To determine the significance of the observed results, three statistical tests were used. Incidences of clinical oMG and gMG were compared using the Fisher exact test, clinical scores were compared using Mann–Whitney U test, and all other parameters were compared using ANOVA and Tukey post hoc test. 

HLA-DQ8, DR3, B6, B10, and Aβ ⁰ mice were immunized with 10 μg H-AChRαP3A⁺ protein in CFA on day 0 and were boosted twice (month apart). Cumulative incidences of oMG and oMG severity scores for all the strains are shown in Table 1 . The highest incidence (89%) of oMG was seen in HLA-DQ8 mice. Differences in the incidences between HLA-DQ8 and HLA-DR3 transgenic mice and HLA-DR3 transgenic and B6, B10, and Aβ ⁰ mice were significant, as evaluated by Fisher exact test (P < 0.0001 for HLA-DQ8 vs. HLA-DR3 and P < 0.01 for B6, B10, and Aβ ⁰ vs. HLA-DR3). As opposed to nonimmunized mice with completely raised eyelids (Fig. 2A) , DQ8 mice with oMG had either partial (Fig. 2B)or severely (completely) closed eyelids (Fig. 2C) . After administration of anticholinesterase, they partially or fully opened their eyes. 

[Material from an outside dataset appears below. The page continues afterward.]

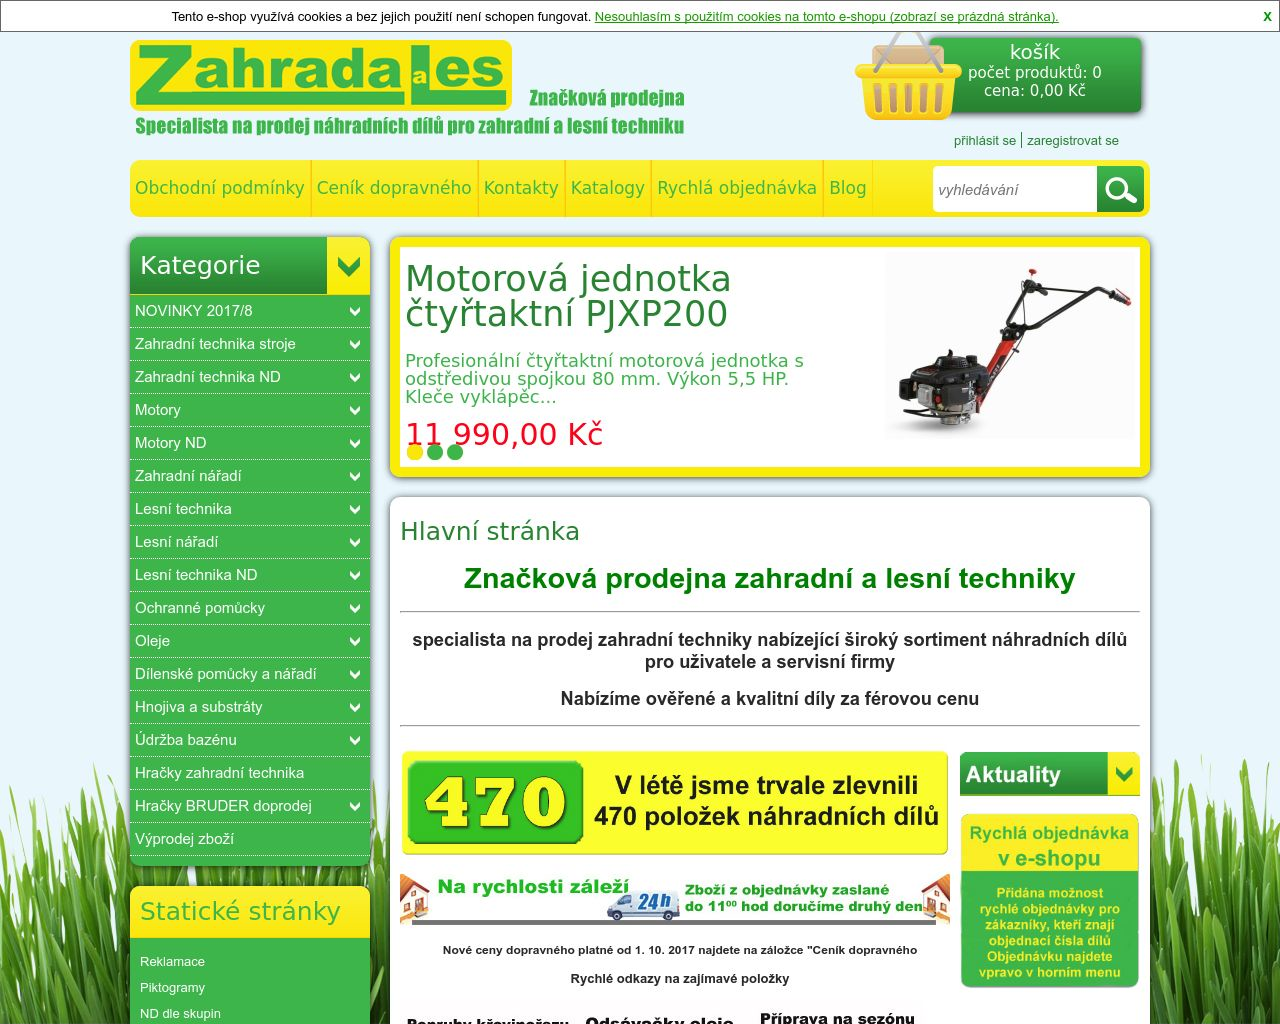 Site Image zahradales.cz v 1280x1024
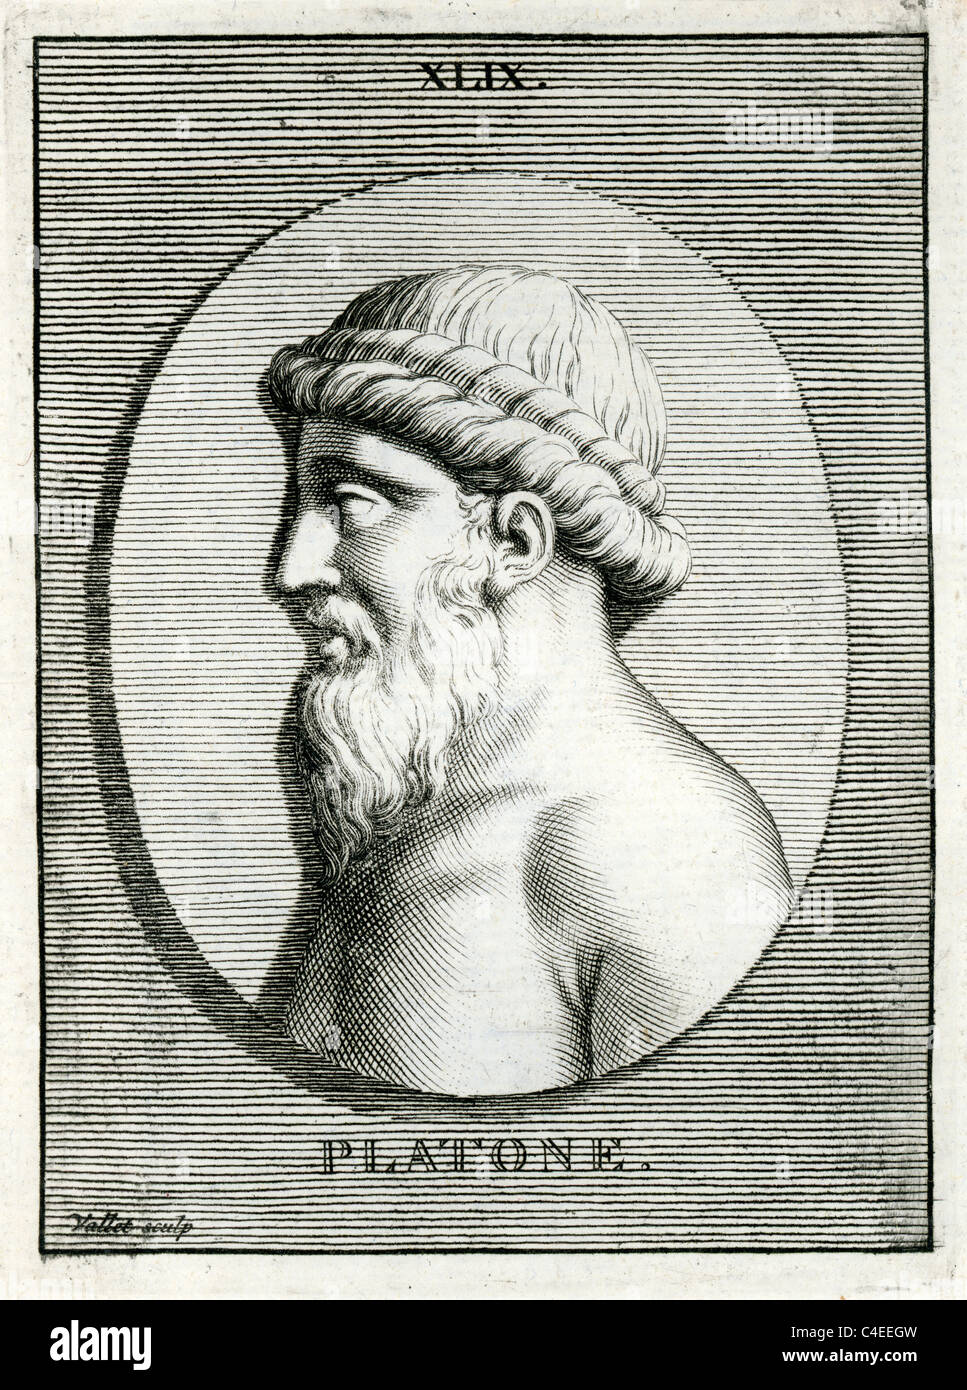 Ritratto classico di Platone un classico greco filosofo, matematico, studente di Socrate, scrittore di dialoghi filosofici Foto Stock

Because HLA-DQ8 transgenic mice were highly susceptible to oMG, we wanted to establish this model. First, we tested various immunizing doses of H-AChRαP3A⁺ protein for the induction of oMG in HLA-DQ8 transgenic mice. HLA-DQ8 transgenic mice (n = 14) were divided into three groups and immunized with 1 μg (four mice), 5 μg (five mice), or 20 μg (five mice) H-AChRαP3A⁺ protein in CFA on days 0, 30, and 60. After the second boost with H-AChRαP3A⁺ protein, 60% of mice exhibited ptosis of one or both eyelids. One of four from the 1-μg group, two of five from the 5-μg group, and three of five from the 20-μg group of H-AChRαP3A⁺–immunized mice developed oMG. Mice with partially or fully closed eyelids opened their eyes after the administration of neostigmine bromide (anticholinesterase) and atropine sulfate, suggesting that ptosis in these mice is a symptom of MG. Some of the sera obtained from the H-AChRαP3A⁺ protein–immunized mice reacted with H-AChRαP3A⁺ and H-AChR proteins (derived from TE671 cells) in the α-BTx radioimmunoassay (Fig. 3) . Reactivity to the self-mouse whole carcass muscle AChR (M-AChR) was minimal. However, the sera reacted effectively to crude extracts of mouse EOM-AChR (O-AChR) and to mouse L-AChR. No significant difference was observed between the serum antibody levels of mice immunized with different amounts of antigens. MG patients with ocular symptoms often have defective eye movements. We expected mice with ptosis to have a similar problem. However, because of the small sizes of the mice, we were unable to evaluate their ocular movements. We assessed NMJ deposits in the EOM of mice to observe possible pathologic involvement of muscles responsible for the movement of eyes. Through immunofluorescence microscopy, IgG, C3, and C5b-C9 (membrane attack complex; MAC) deposits were observed in the NMJ EOM of H-AChRα P3A⁺ protein–immunized mice (Fig. 4) . 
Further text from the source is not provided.